18 hole scores: Rosburg/Souchak: 6 up, Boros/Finsterwald: 1 up, O'Connor/Alliss: 2 up, Snead/Middlecoff: 1 up.

==Saturday's singles matches==
The Americans got off to a good start in many of the matches and had large leads in five of the matches at lunch. Eric Brown was the only British winner on the day.

| | Results | |
| Norman Drew | halved | Doug Ford |
| Ken Bousfield | 3 & 2 | Mike Souchak |
| Harry Weetman | 6 & 5 | Bob Rosburg |
| Dave Thomas | 6 & 5 | Sam Snead |
| Christy O'Connor | 7 & 6 | Art Wall Jr. |
| Dai Rees | 1 up | Dow Finsterwald |
| Peter Alliss | halved | Jay Hebert |
| Eric Brown | GBR 4 & 3 | Cary Middlecoff |
| 2 | Session | 6 |
| 3 | Overall | 8 |

18 hole scores: Ford: 1 up, Souchak: 4 up, Rosburg: 4 up, Snead: 4 up, Wall: 5 up, Finsterwald: 5 up, Alliss: 1 up, Brown: 3 up.

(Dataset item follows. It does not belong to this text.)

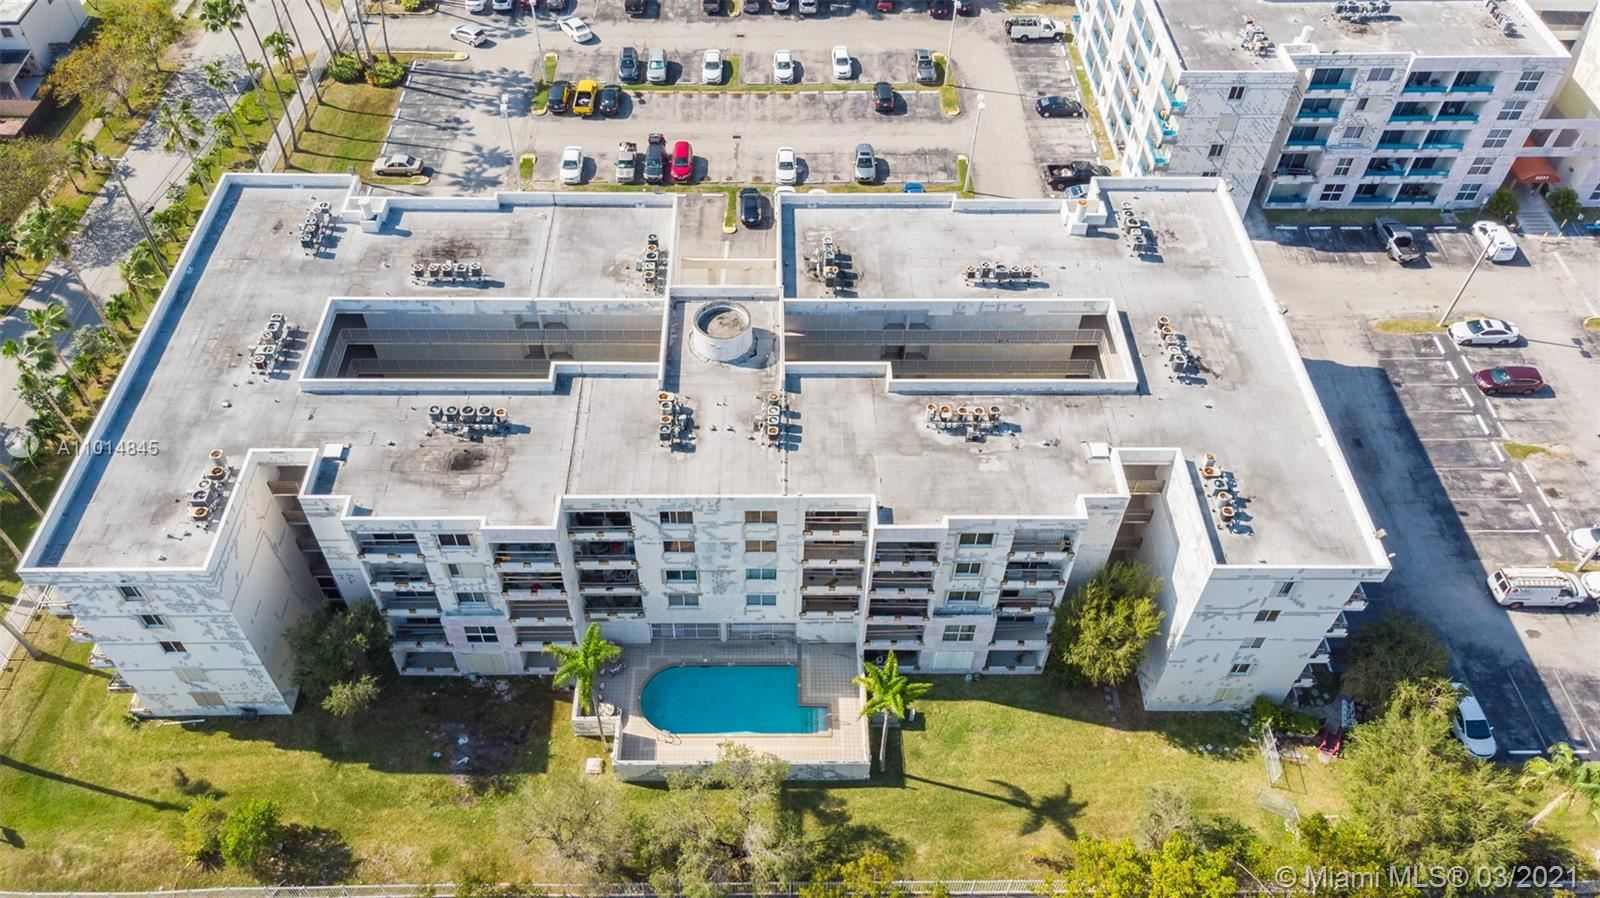 8201 NW 8th St #1-307, Miami, FL 33126 - #: A11014845

==Individual player records==
Each entry refers to the win–loss–half record of the player.

Source:

===United States===

| Player | Points | Overall | Singles | Foursomes |
|---|---|---|---|---|
| Julius Boros | 1 | 1–0–0 | 0–0–0 | 1–0–0 |
| Dow Finsterwald | 2 | 2–0–0 | 1–0–0 | 1–0–0 |
| Doug Ford | 0.5 | 0–1–1 | 0–0–1 | 0–1–0 |
| Jay Hebert | 0.5 | 0–0–1 | 0–0–1 | 0–0–0 |
| Cary Middlecoff | 0.5 | 0–1–1 | 0–1–0 | 0–0–1 |
| Bob Rosburg | 2 | 2–0–0 | 1–0–0 | 1–0–0 |
| Sam Snead | 1.5 | 1–0–1 | 1–0–0 | 0–0–1 |
| Mike Souchak | 2 | 2–0–0 | 1–0–0 | 1–0–0 |
| Art Wall Jr. | 1 | 1–1–0 | 1–0–0 | 0–1–0 |

Jack Burke Jr. did not play in any matches.

===Great Britain===

| Player | Points | Overall | Singles | Foursomes |
|---|---|---|---|---|
| Peter Alliss | 1.5 | 1–0–1 | 0–0–1 | 1–0–0 |
| Ken Bousfield | 0 | 0–2–0 | 0–1–0 | 0–1–0 |
| Eric Brown | 1 | 1–1–0 | 1–0–0 | 0–1–0 |
| Norman Drew | 0.5 | 0–0–1 | 0–0–1 | 0–0–0 |
| Bernard Hunt | 0 | 0–1–0 | 0–0–0 | 0–1–0 |
| Christy O'Connor | 1 | 1–1–0 | 0–1–0 | 1–0–0 |
| Dai Rees | 0 | 0–2–0 | 0–1–0 | 0–1–0 |
| Dave Thomas | 0.5 | 0–1–1 | 0–1–0 | 0–0–1 |
| Harry Weetman | 0.5 | 0–1–1 | 0–1–0 | 0–0–1 |

Peter Mills did not play in any matches.